If you get a call from someone who sounds like a grandchild or relative asking you to wire or transfer money or send gift cards to help them out of trouble, it could be a scam.
Romance scams typically start online with a scammer spending time getting to know you and developing trust before asking you for a loan or for access to your finances. Be smart about who you connect with and what information you share online. Learn more about how to avoid romance scams.
Ransomware is a form of malware used by cyber criminals to freeze your computer or mobile device, steal your data and demand that a “ransom”; typically anywhere from a couple of hundreds to thousands of dollars — be paid. Visiting unsafe, suspicious or fake websites can lead to malware. Be cautious when opening e-mails or attachments you don’t recognize even if the message comes from someone in your contact list. Learn more.
Imposter scammers try to convince you to send money by pretending to be someone you know or trust like a sheriff; local, state, or federal government employee; or charity organization. Remember, caller ID can be faked. It is best to call the organization or government agency and ask if the person works for them before giving any money. Read more about imposter scams.
Mail fraud letters look real but the promises are fake. A common warning sign is a letter asking you to send money or personal information in order to receive something of value later. Examples of mail fraud might include notices of prizes, sweepstakes winnings, vacations, and other offers to claim valuable items. Click here for a list of common mail fraud schemes.
Money transfer or mobile payment fraud
If someone you don’t know asks you to send money to them, it should be a red flag. Scammers often use mobile payment services to trick people into sending money or merchandise without holding up their end of the deal. For example, a scammer may sell you concert or sports tickets but then never actually give them to you. Never send money to someone you don’t know. If you think you made a money transfer to a scammer, contact your bank or the company you used to send the money immediately and alert them that there may have been a mistake.
Thieves will pose as a real charity, or make up the name of a charity, in order to get money from you. These scams often increase during the holiday season as well as around natural disasters and emergencies. Be careful when any charity calls to ask for donations, especially ones that suggest they’re following up on a donation pledge you don’t remember making. Always ask for detailed information about the charity, including address and phone number. Look up the charity through their website or a trusted third-party source to confirm that the charity is real. Learn more about how to avoid a charity scam.

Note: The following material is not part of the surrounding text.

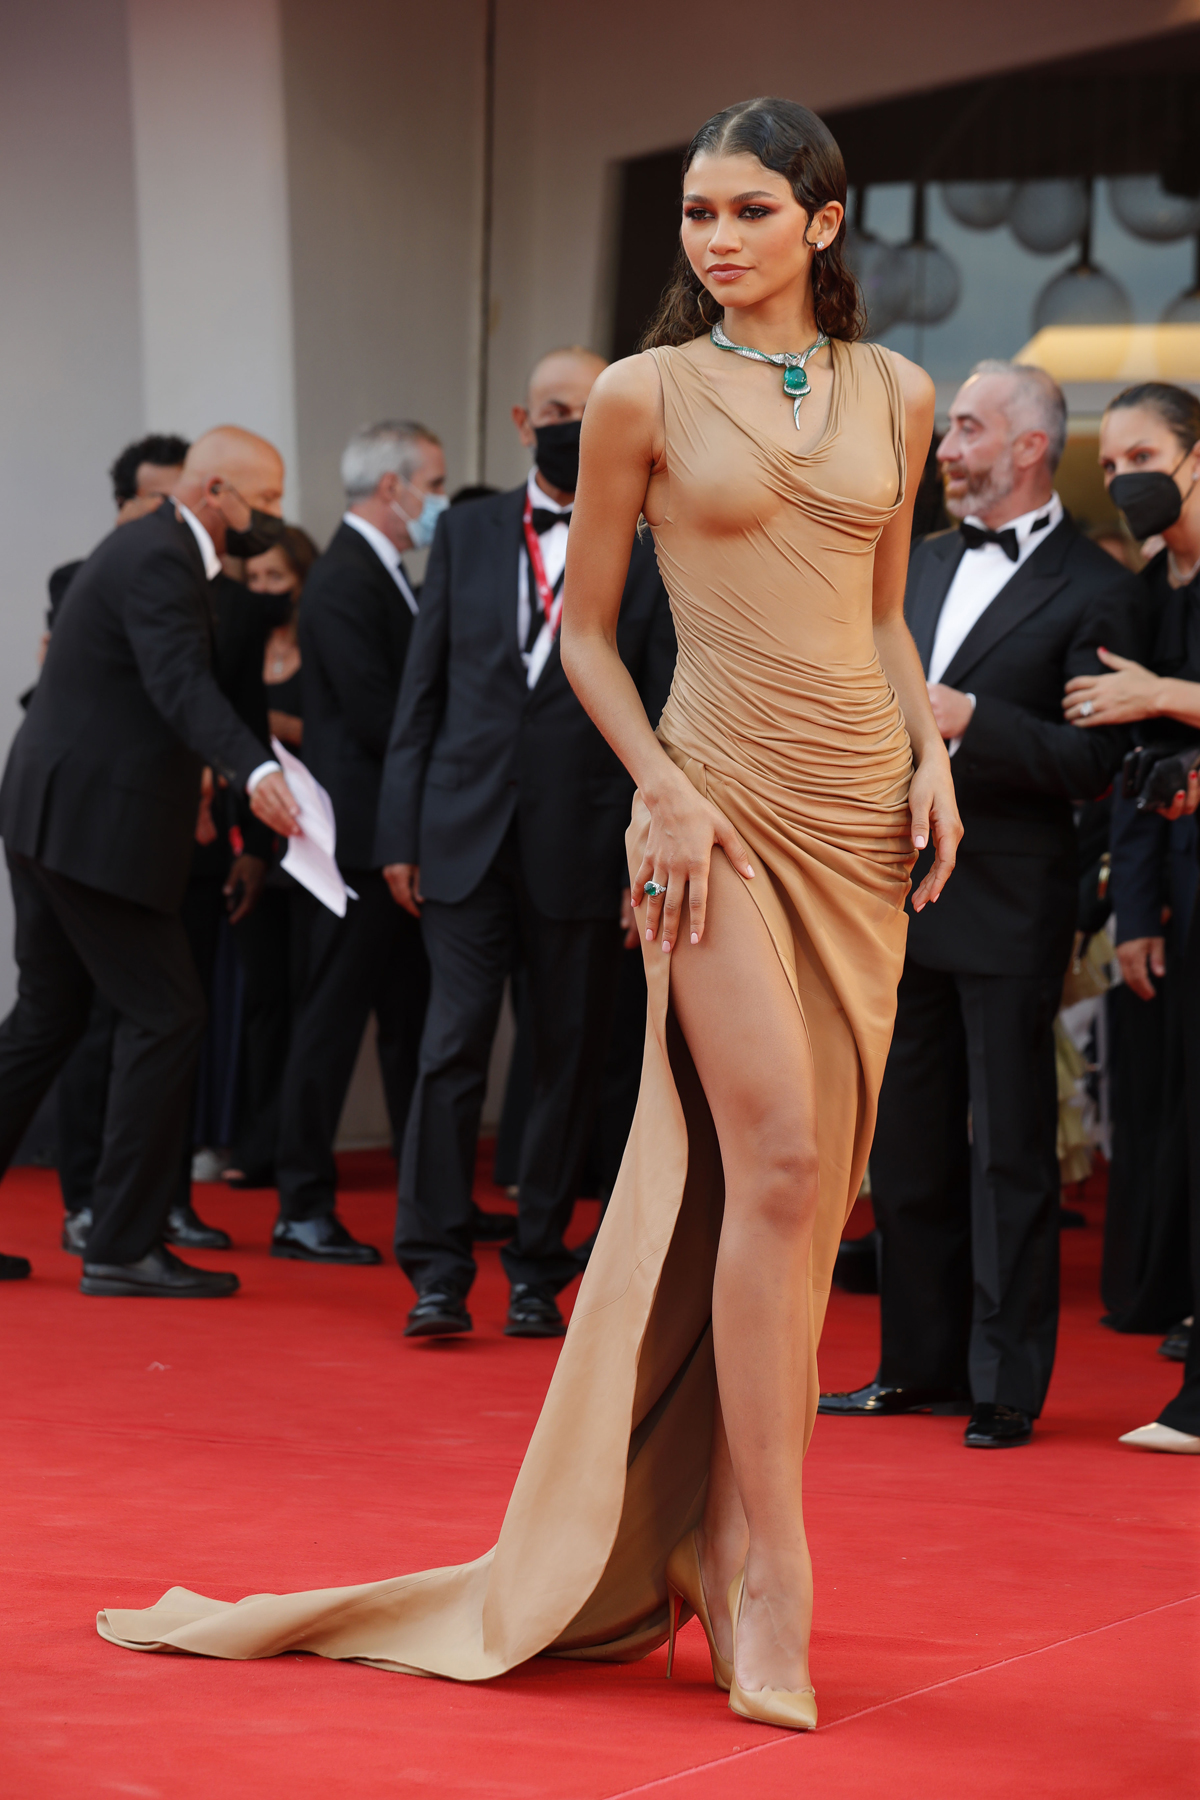 Zendaya Clingy Nude Balmain Gown Look For The Venice Film Festival

Call the bank. If you think you've been a victim of a financial scam, call us immediately and ask us to take action to help protect your accounts.
Report the scam. Report the scam to local law enforcement, credit and debit card companies with whom you have accounts, your local state attorney general's office, and/or the Better Business Bureau.
Don't be embarrassed. Fraudsters don't discriminate. They will prey upon whoever will listen. If you think you're a victim of fraud, don't let your embarrassment get in the way of help. The sooner you act, the sooner you can reclaim your peace of mind.